MİRAÇ GECEMİZ: İLÂHÎ RAHMET VE SEKÎNET VESİLEMİZ

    Geçen yıl milletçe büyük bir felaket yaşadık. Yitirdiğimiz her bir canın acısıyla yüreklerimiz yangın yerine döndü. Acımızı tarif etmeye kelimeler kifayetsiz. Allah’a hamdolsun ki dün olduğu gibi bugün de zor zamanımızda kenetlendik. Âlicenap milletimiz başta olmak üzere duyarlılık gösteren ülkelerin, depremin ilk anından itibaren maddi manevi imkânlarını seferber etmesi her türlü takdire şayandır.

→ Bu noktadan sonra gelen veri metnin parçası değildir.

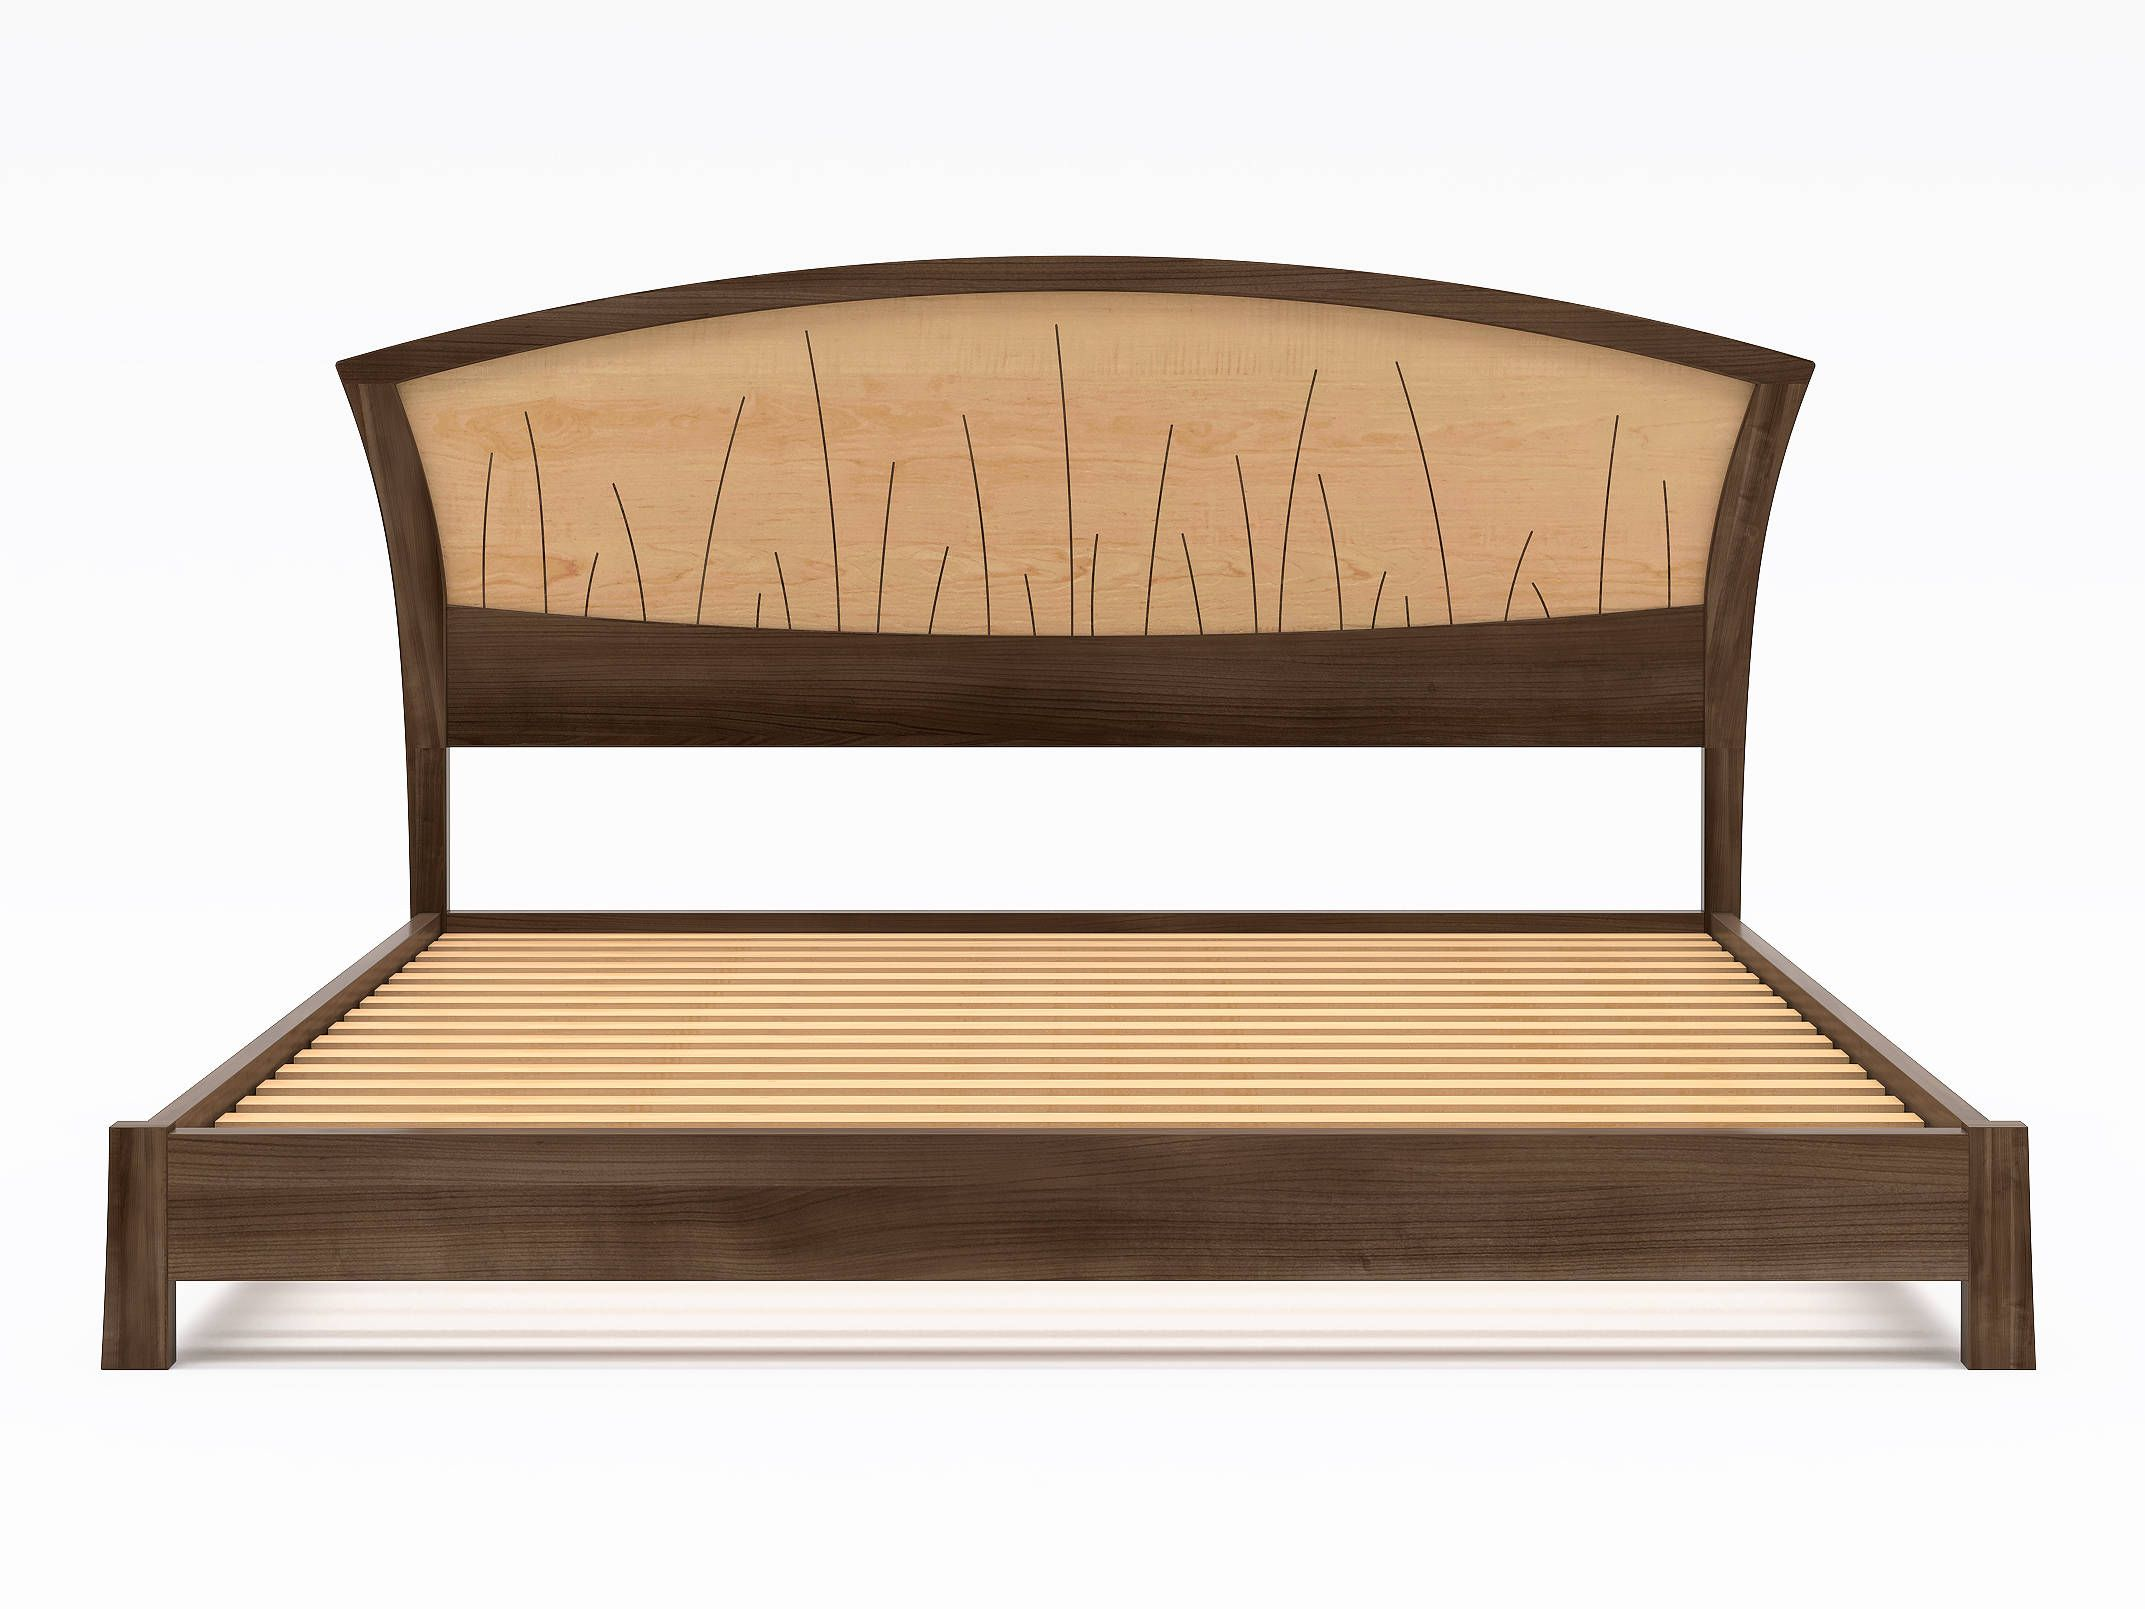 Walnut Platform Bed Queen Size, Low Modern Bed Frame Wood

İnanıyoruz ki aynı iman ve ruha sahip olduğumuz müddetçe aşamayacağımız hiçbir engel yoktur. Toplu vurdukça yüreklerimiz Allah’ın yardım ve inayetiyle üstesinden gelemeyeceğimiz zorluk yoktur. Birlik ve beraberlik içinde hareket ettiğimiz sürece saramayacağımız hiçbir yara, dindiremeyeceğimiz hiçbir acı yoktur.

Bu gece, mahzun gönüllerimize ilâhî bir rahmet ve sekînet vesilesi olan miraç gecesini idrak edeceğiz, inşallah. Bizleri bu mübarek geceye ulaştıran Cenâb-ı Hakk’a sonsuz hamd ü sena, ümmeti olmakla şeref bulduğumuz Sevgili Peygamberimiz Hz. Muhammed Mustafa (S.A.V.) Efendimize salat ve selam olsun. Miraç Gecemiz mübarek olsun. 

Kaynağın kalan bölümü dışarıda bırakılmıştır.